いつでも、自分のことを他人のように見るのです。悩んでいるときでも「この人は悩んでいますね」という感じです。たとえば、自分の姓が田中だとしましょう。「私は悩んでいる」とは言わないで、「田中が悩んでいますね、このバカ者が」というふうに見ると、いきなり悩みが消えてしまいます。
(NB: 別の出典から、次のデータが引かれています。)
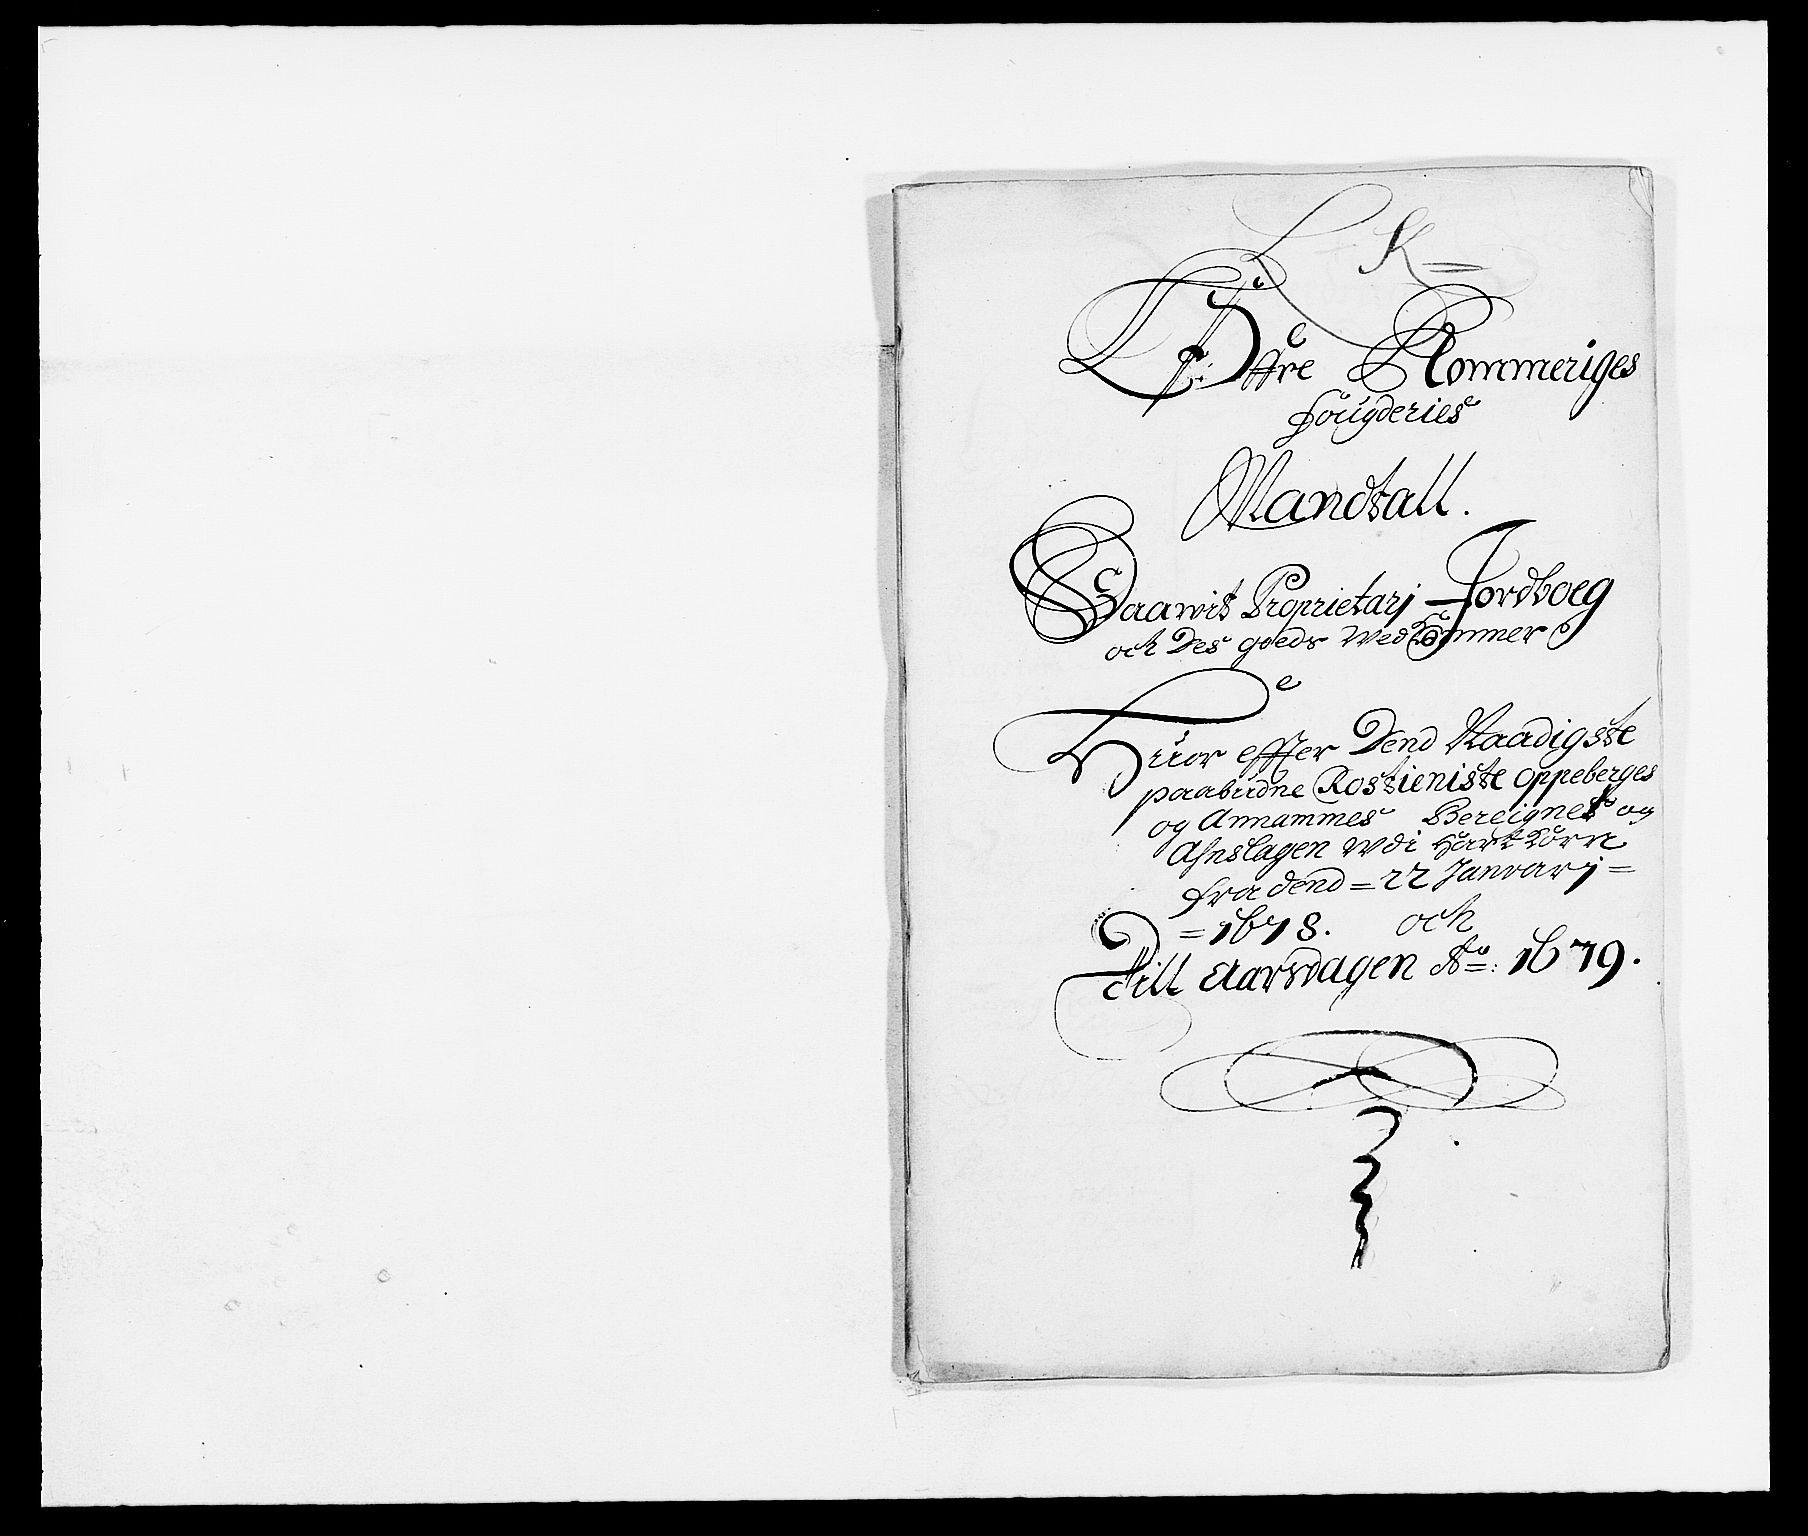 RA, Rentekammeret inntil 1814, Reviderte regnskaper, Fogderegnskap, R12/L0693: Fogderegnskap Øvre Romerike, 1678-1679, s. 263

・・・なんてお話されています。わたしも思わずクスッと笑ってしまいましたが、講演会に参加した中学生もクスクス笑いながら夢中になって聞けたのではないでしょうか。

 

本の第3部は、子どもからの質疑応答コーナーでしたが、「動物を飼っていますか?」「どんな修行がいちばんつらかったですか?」など、気負いのない質問にとても心が和みました。普段、自分もスマナサーラ長老をはじめ、いろいろなお坊さんの法話を聞く機会がありますが、質問タイムにはどうしても、構えた感じの、まじめなことしか聞けなかったりします(もしくは何も聞けないか・・・)ので、中学生の素直で笑顔あふれる質疑応答がちょっと羨ましかったです。

 

本の中で一番印象に残ったのは、「気持ちは瞬間で変わってしまう」という項です。そこでで描かれていた、長老と長老のお寺に遊びに来ていた子どもとの交流の様子は実に鮮やかで、臨場感のある文章にぐいぐいと自分もその世界に引き込まれてしまいました。子どもが長老の手を握った瞬間に、長老の気持ちが一瞬にしてさっと変わった、というこの部分にはこれまでの長老の本にはなかった新しさを感じて、ちょっと感動。

 

「私が先に笑うと、世界が私に笑ってくれる。私が先に『ありがとう』というと、世界はいつでも私を助けてくれる」という部分も、本当にそうだなあと思いながら読みました。

 

子ども世代、孫世代へ

この本は、仏教のお坊さんが書かれた本ですが、宗教家の話を聞くというのとはちょっと違うニュアンスの本です。宗教アレルギーを持つ先生方もおうちの方も、もし書店で立ち読みしてみたら、きっと子どもたち(とか孫たち)に伝えたくなる内容なんじゃないかなと思いました。

 

おとなの自分が読んでもおもしろいと思える本ですが、もし自分が中学生のときにこんな本に出会えていたら、もっと朗らかに学生時代を過ごせたのになあ!と思ったりもしました。

 

分量的には200ページもないので、あっという間に読めますし、文字も大きくてとっても気軽です。仏教関係の本を何か読んでみたいなと思っている人には、本当にお勧めできる一冊! 梅の花を見ながらさらりと読んでみませんか?